Jules or Jesus?  04-20-2026

Number 3 of God’s top ten is “do not use God’s name in vain”. That doesn’t mean cussing when you’re 5. “In vain” is using God’s seal of approval to justify what God is against. Pope Leo 14th summed it up: “Woe to those who manipulate religion in the very name of God for their own military, economic, and political gain, dragging that which is sacred into darkness and filth”. On the other hand, Franklin Graham grows darker with practice.

The secretary of war (a new title that has no defense) commanded worship to pray to God words he said were from God’s prophet Ezekiel. If he’d spend more time reading the Bible instead of abusing it, he’d know one line out of context was from Ezekiel 25:17. However 95% of his “prayer to God” was written by Quentin J. Tarantino for his 1994 film “Pulp Fiction.” The lines are spoken by Samuel L Jackson playing the criminal hit-man Jules whenever he murders someone in total submission to the whims of his boss (“before I pop their ass” as Jules so compassionately put it). QJT is idolized for his writing, and SLJ delivers lines as the coolest dude alive, but neither pretend to speak for God.

Whom do you follow and quote — Jesus or Jules? Jesus who full-fills the vision of trust, peace, equality, restorative justice, and love of the prophets? Jules who profits off of lying, murder, and stealing?

Number 8 of Jesus’ top 9 is: “Blessed are the Peace-makers, for they shall be called children of God.” War never leads to peace (Shalom); it always leads to a time-out until the next violent war; a pause is not peace. Peacemakers come together to live out the vision of God spoken through prophets and Jesus. 

Prophets Isaiah 2:4 and Micah 4:3 both poetically write: “God shall judge between the nations and shall arbitrate for many peoples; they shall beat their swords into plowshares and their spears into pruning hooks; nation shall not lift up sword against nation; neither shall they learn war any more.” Micah then adds “but they shall all sit under their own vines and under their own fig trees, and no one shall make them afraid, for the mouth of the LORD of hosts has spoken.”
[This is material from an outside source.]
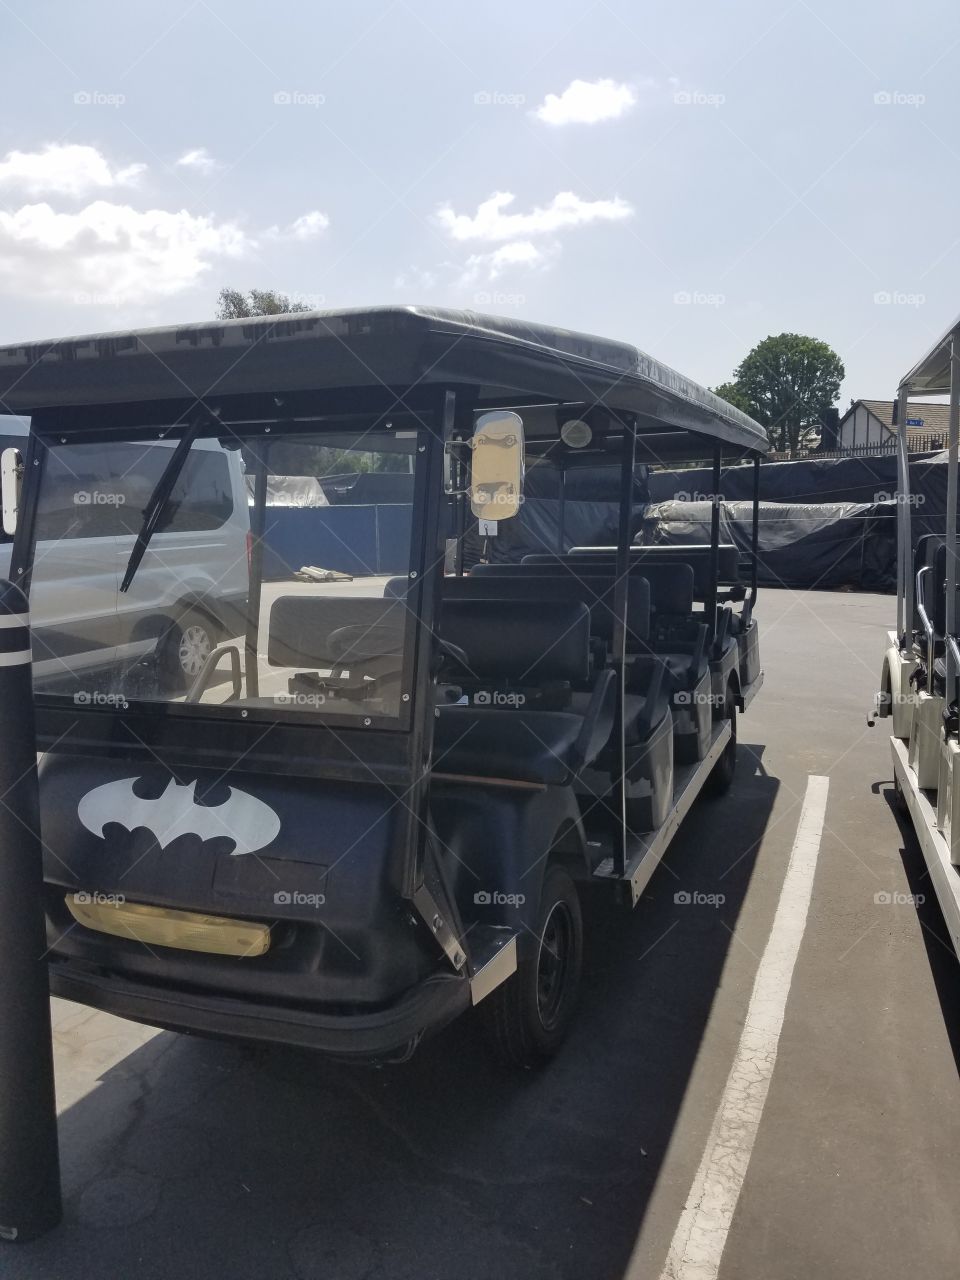 Batman  golf cart warner brothers studios

Number 1 for John Lennon is the song “Imagine.” Imagine turning weapons of war into gardening tools. Imagine every person having enough and no one making us afraid. Imagine if we followed Jesus instead of Jules. Imagine spending our money, energy, and wisdom on building up instead of bombing down. What do you imagine?

What If? 09-15-2025

During 40 years of pastoral counseling and hospice chaplaincy I’ve walked with many youth and adults who were asking, “What if?” Most questions of “What if” involve life & death — what if the.…  gun, car, disease, decision, protection, other person….  Eventually an answer to the question lies in discovering there is none. After all, “control is an illusion fueled by emotion.”
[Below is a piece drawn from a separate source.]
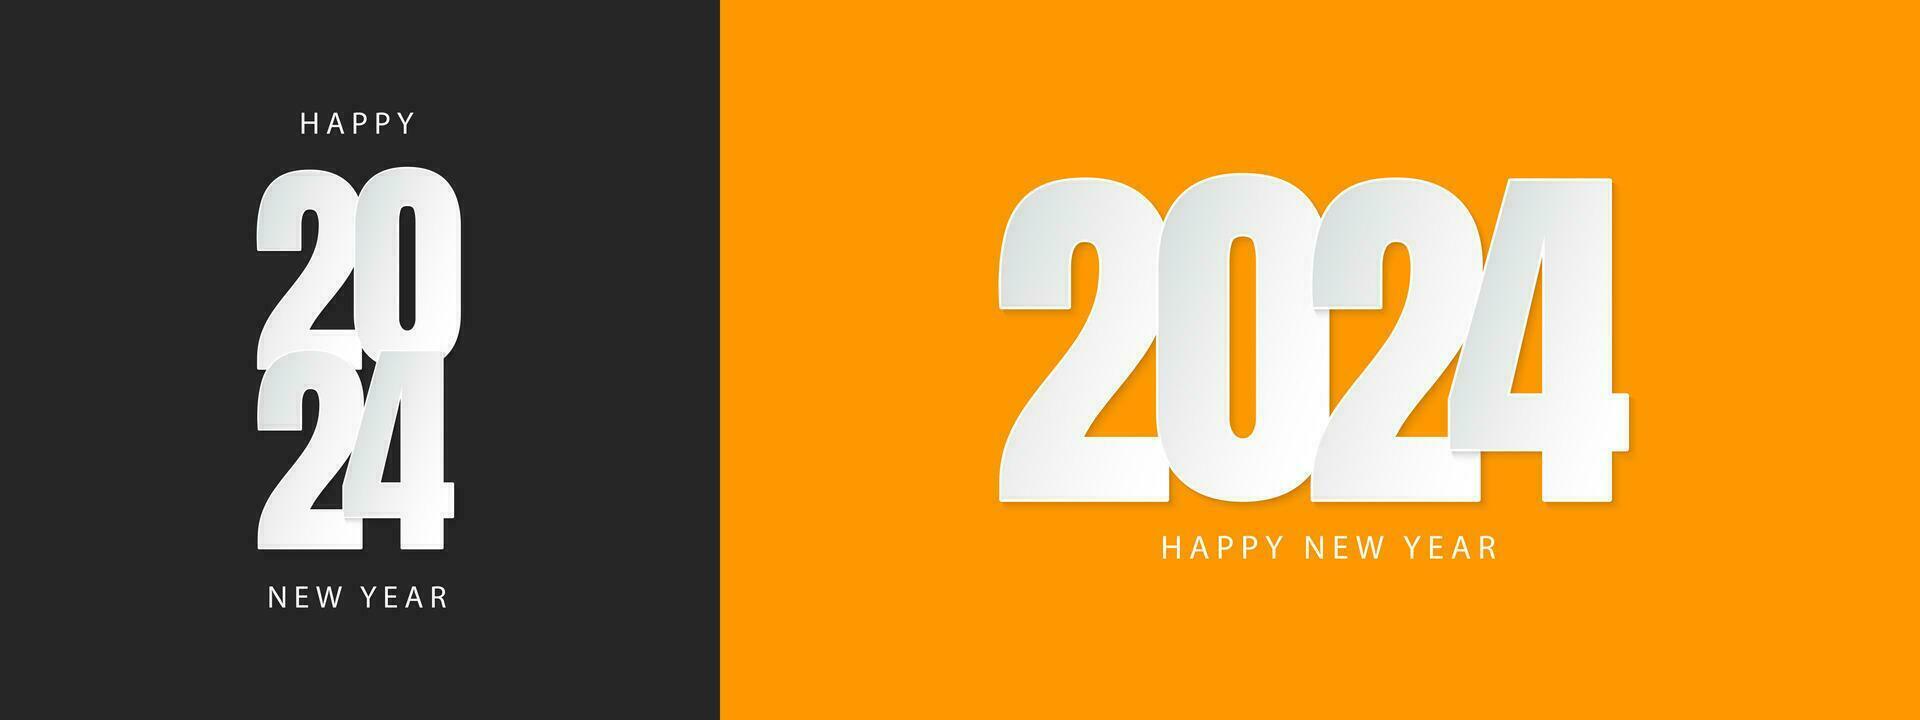 contento nuevo año 2024 diseño. de moda número ilustración diseño. vector modelo para bandera, póster, saludo y nuevo año 2024 celebracion

Last night I returned from my 1st & 50th high school reunion in Louisville. In 7th grade I entered the competitive college-prep arena. Our all-boys school merged with an all-girls school my sophomore year which proved to be excellent timing. We mourned 4 of the 66 in my class who had died. 

I was filled with all the curiosity, emotions, baggage, and appreciation I anticipated. I was surprised that my sense of being overlooked in high school was dispelled by warm welcomes, fond memories, and new discoveries. I was grateful my quest of “do no harm” led to not needing to dodge anyone.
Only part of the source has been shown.